_Work order_. Word for word, restate the listing that follows and leave out the images.

_Stored data_.
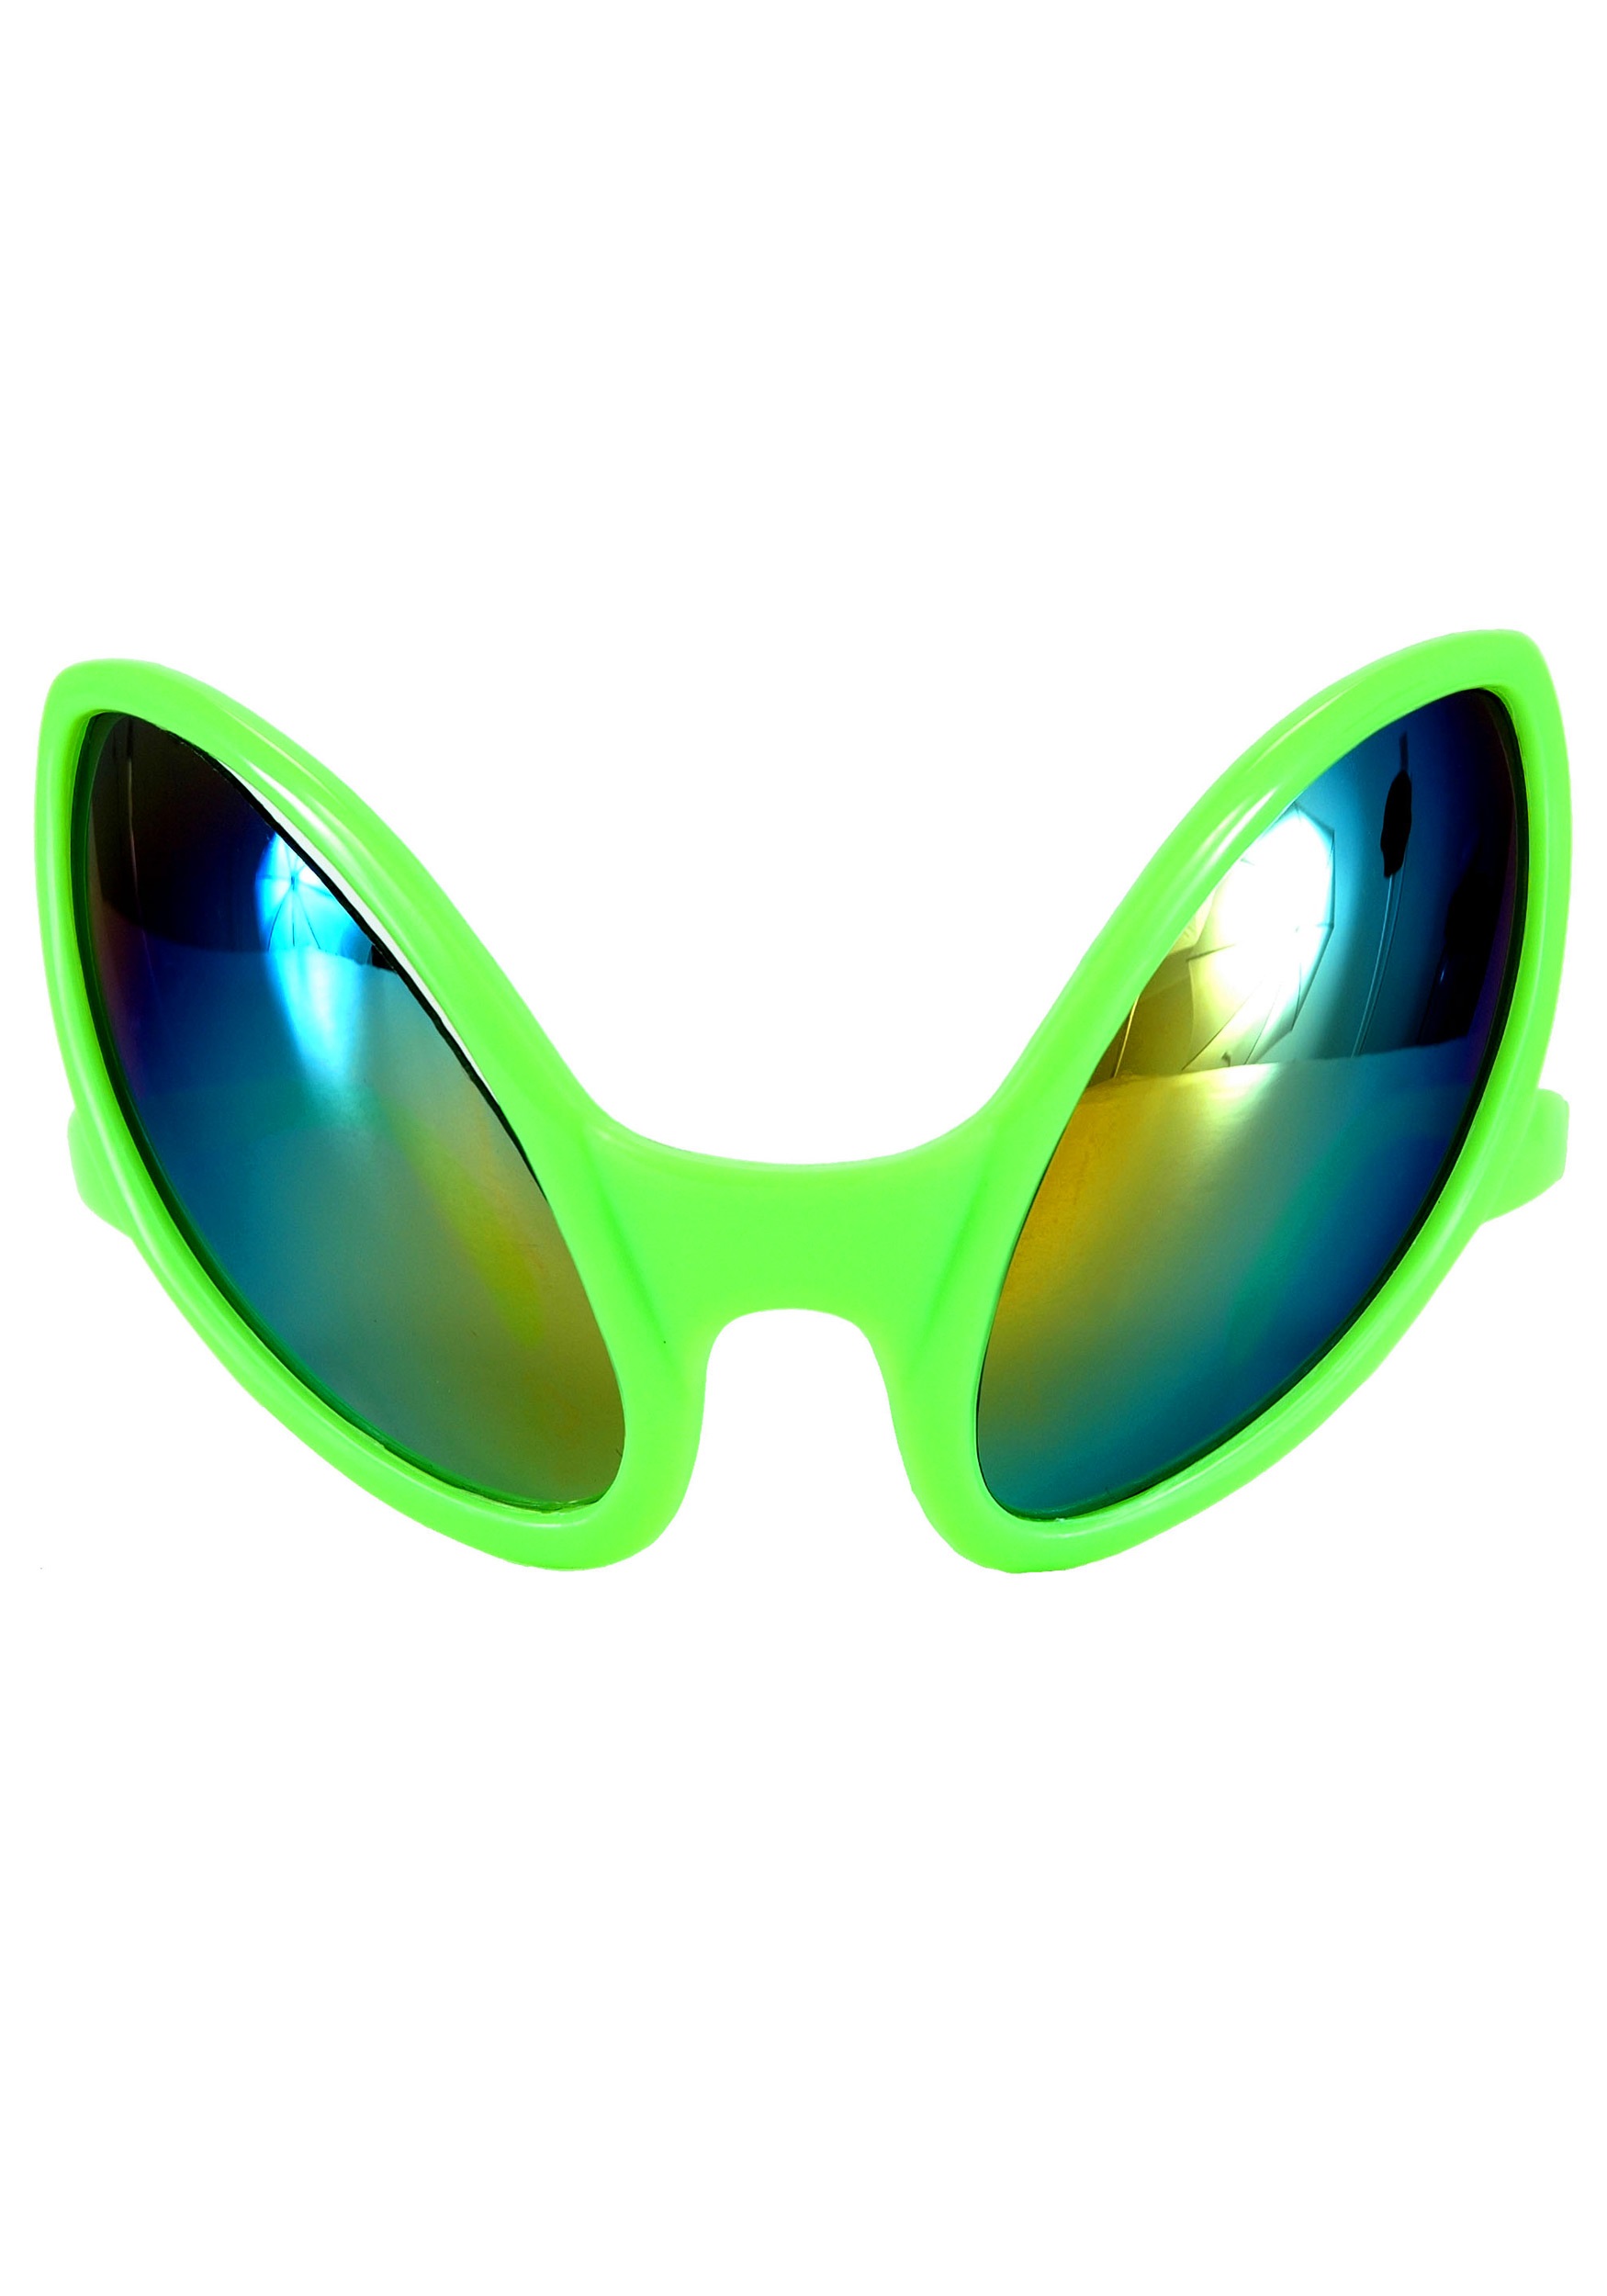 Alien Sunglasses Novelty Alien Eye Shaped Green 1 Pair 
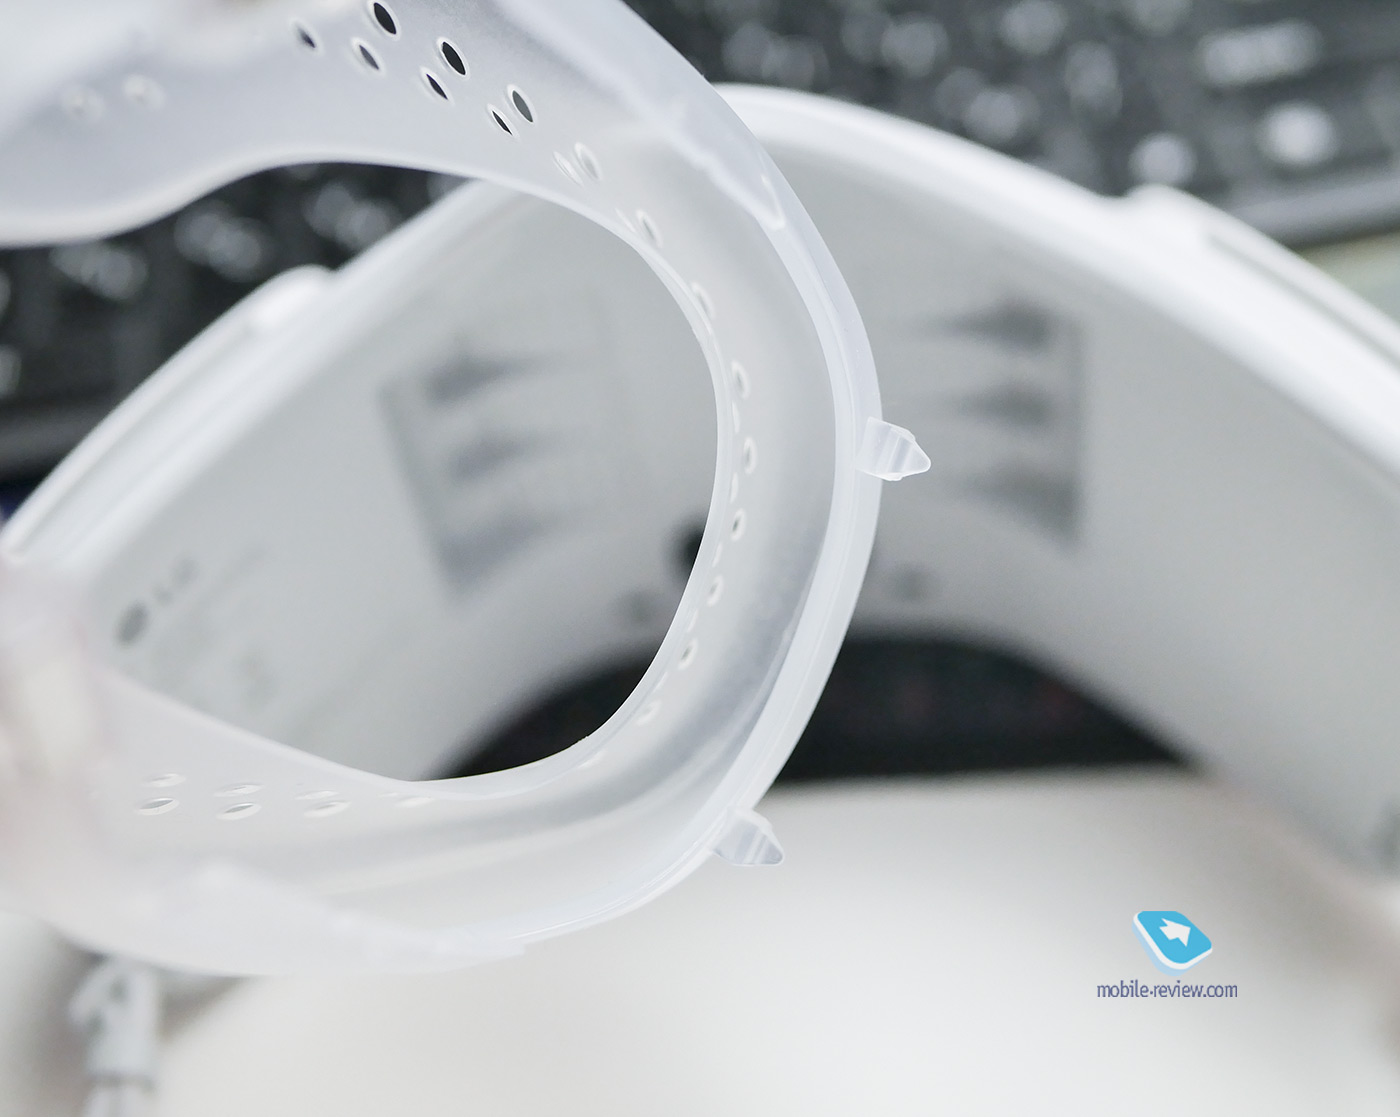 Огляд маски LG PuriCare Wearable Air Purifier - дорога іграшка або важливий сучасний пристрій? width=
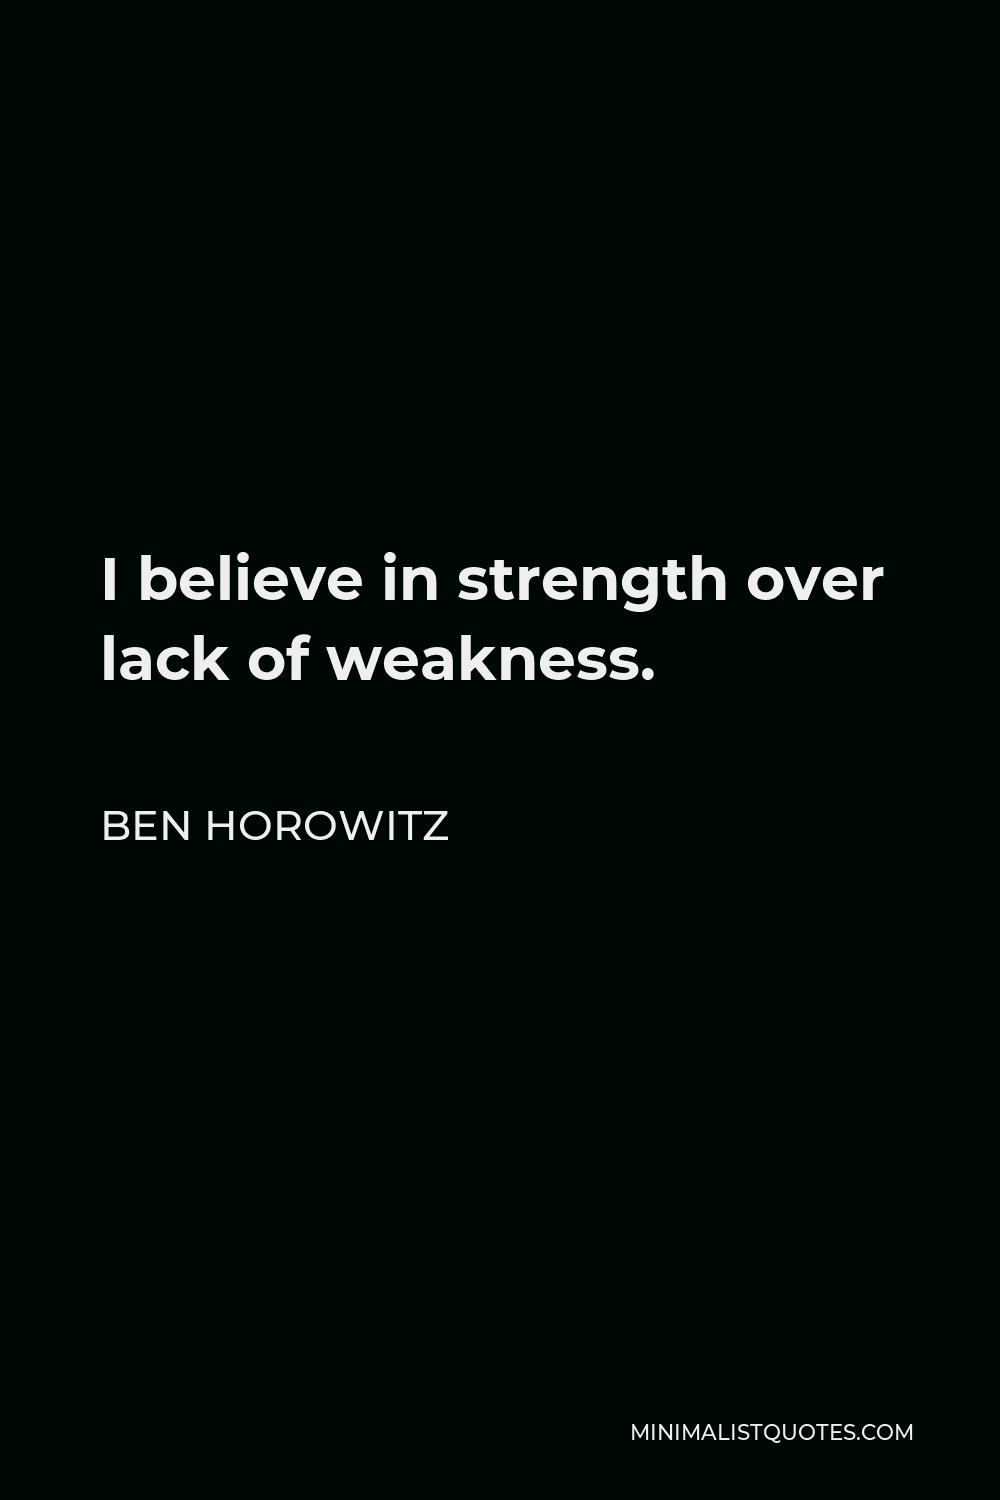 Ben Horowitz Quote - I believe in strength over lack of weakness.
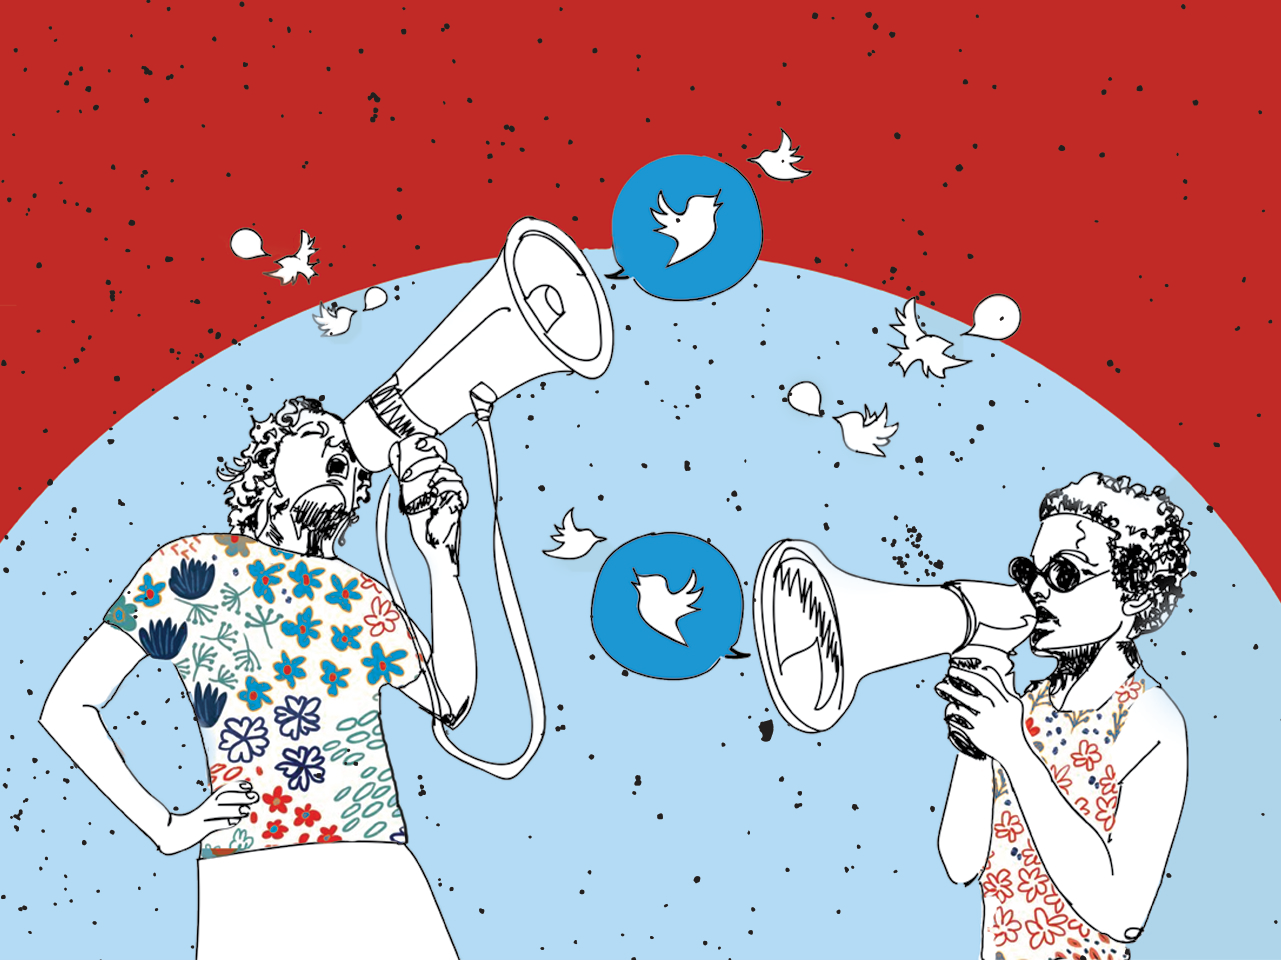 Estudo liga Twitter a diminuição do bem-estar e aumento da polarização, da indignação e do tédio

_Response area_.
 Alien Sunglasses Novelty Alien Eye Shaped Green 1 Pair 
 Огляд маски LG PuriCare Wearable Air Purifier - дорога іграшка або важливий сучасний пристрій? width=
 Ben Horowitz Quote - I believe in strength over lack of weakness.
 Estudo liga Twitter a diminuição do bem-estar e aumento da polarização, da indignação e do tédio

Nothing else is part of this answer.